Recent advancements in edge computing devices have gained significant popularity due to their low latency and cost-effectiveness. These devices play a crucial role in applications such as real-time monitoring, autonomous systems, and IoT, where processing data locally at the edge reduces the need for constant communication with cloud servers. However, the limited computing power of edge devices constrains their energy efficiency, necessitating more efficient processor designs at the edge. To address this issue, Processing-in-Memory (PIM) architectures have been proposed, integrating computation logic directly within the memory to reduce data movement from the CPU. This research interests includes develops in various memory circuit designs including, SRAM, embedded-Flash memory, MRAM, and etc. for various applications including, inference, training, verification and etc.
Memory Computing Macro ICs
Our research group has focused on low-power computing-in-memory (CIM) designs that integrate both memory and processing within a unified architecture. We have explored a wide range of memory technologies, including SRAM and embedded Flash, to support diverse application requirements. Additionally, we utilize in-memory computing techniques that leverage analog-digital converters (ADC) and time-to-digital converters (TDC) for efficient data processing. These techniques aim to reduce energy consumption while enabling high-throughput computing at the edge.

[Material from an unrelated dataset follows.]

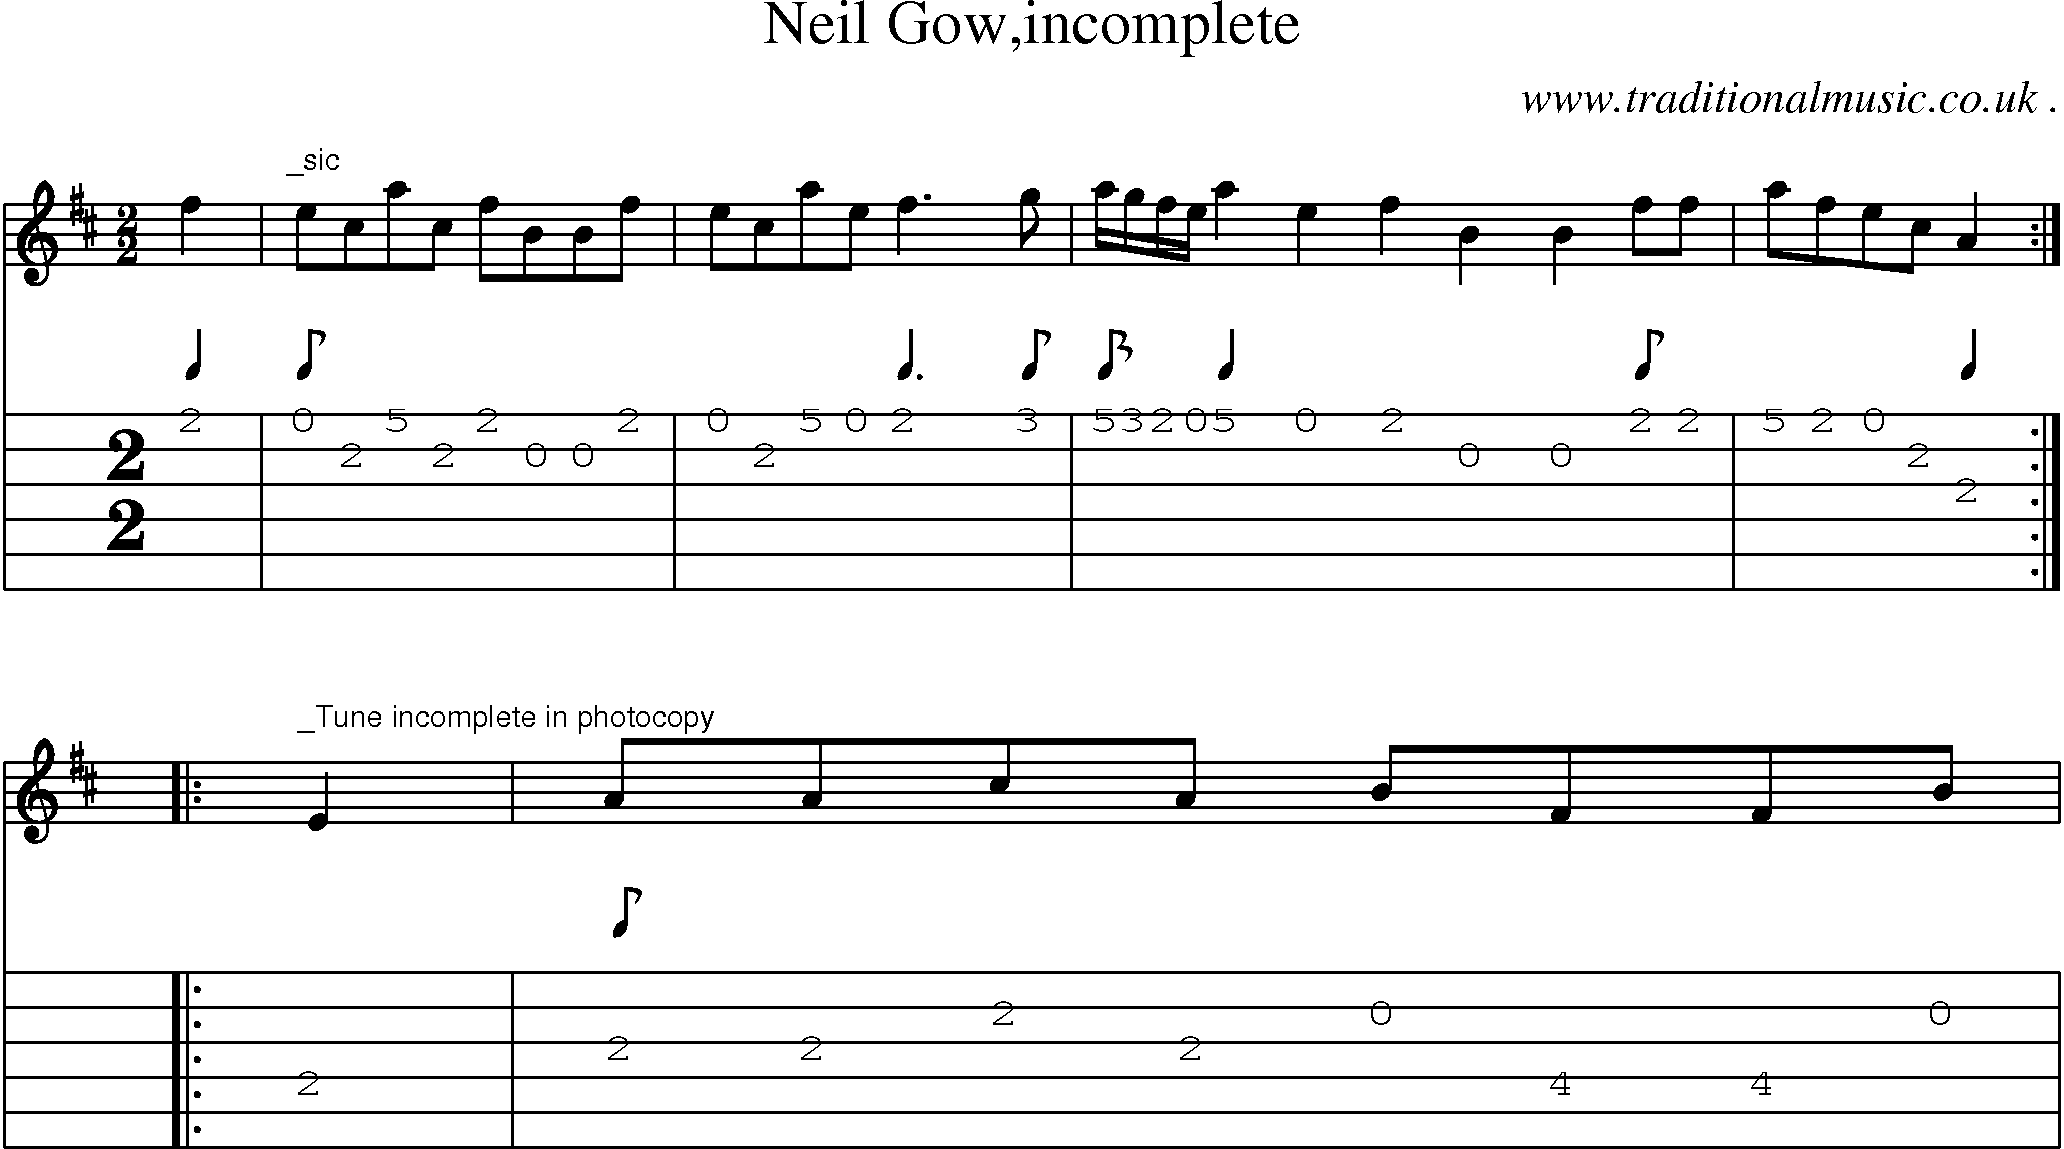 Sheet-Music and Guitar Tabs for Neil Gowincomplete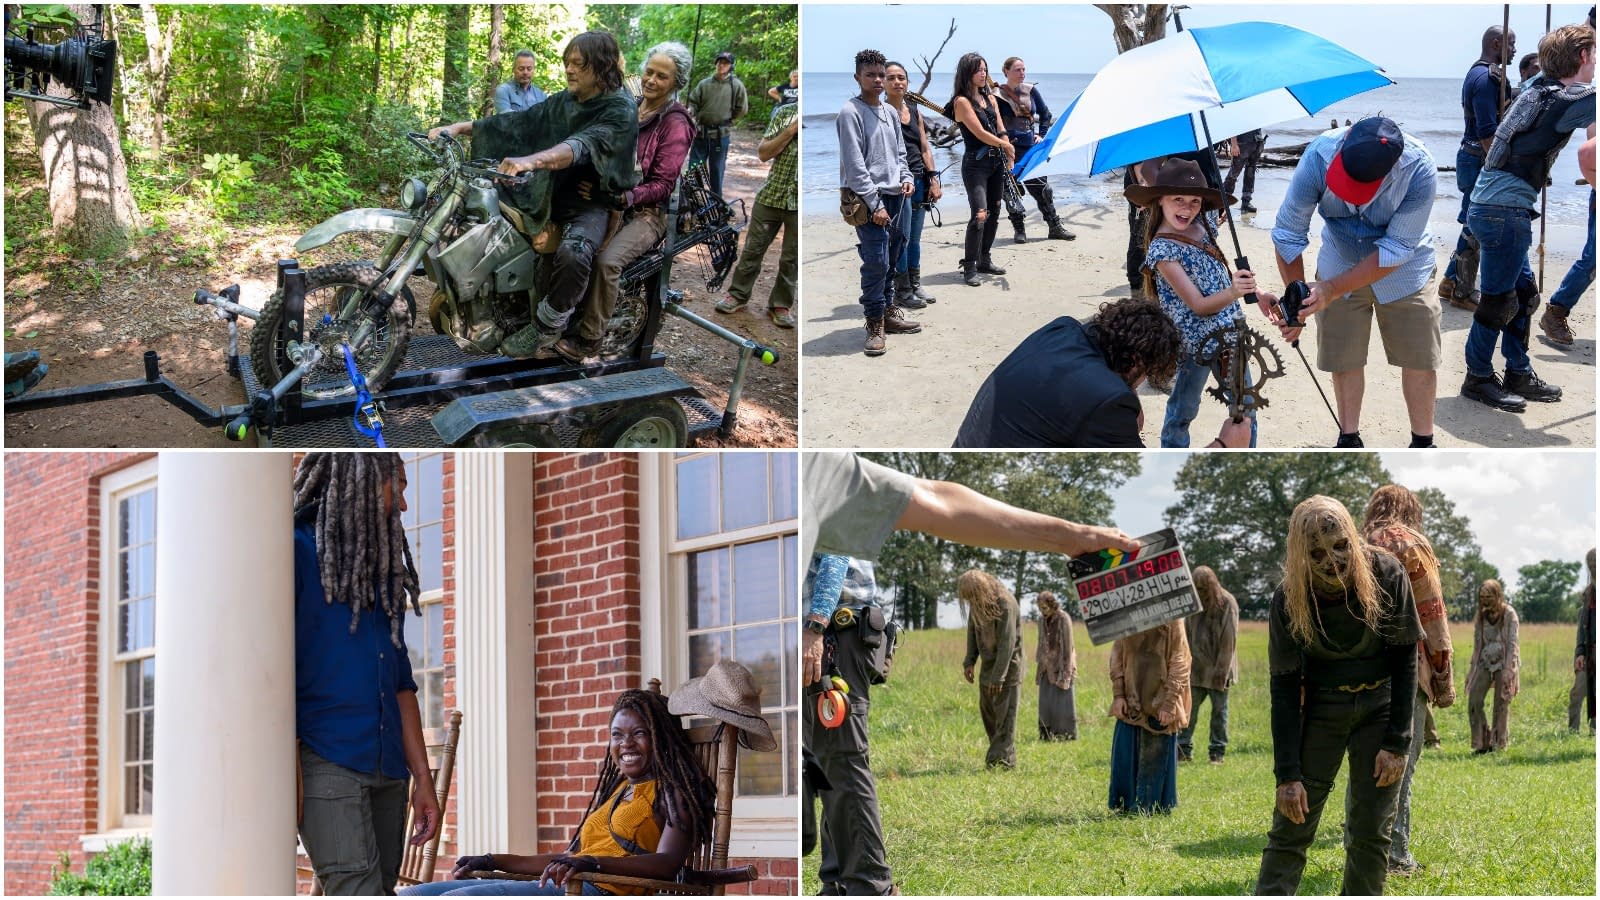 "The Walking Dead" Season 10: Enjoy These Behind-the-Scenes Moments [PREVIEW]

Domain-Specific Accelerator ICs
Our research group has developed application-specific accelerator ICs tailored for biomedical and AI-driven tasks. These include spike sorting classifiers for neural signal processing, seizure detection and classification systems for healthcare monitoring, and neural network verification engines for evaluating the robustness of neural networks. By optimizing both algorithm and circuit design, we aim to achieve high accuracy with low power consumption.
Computing Architecture
Implementation of specific circuit techniques can significantly enhance both the energy efficiency and computational performance of edge systems. Beyond low-level hardware optimizations, architectural approaches such as software-hardware co-design play a critical role in overall system improvement. This research explores algorithm-hardware co-design strategies that align the computational model with underlying hardware constraints to improve system efficiency.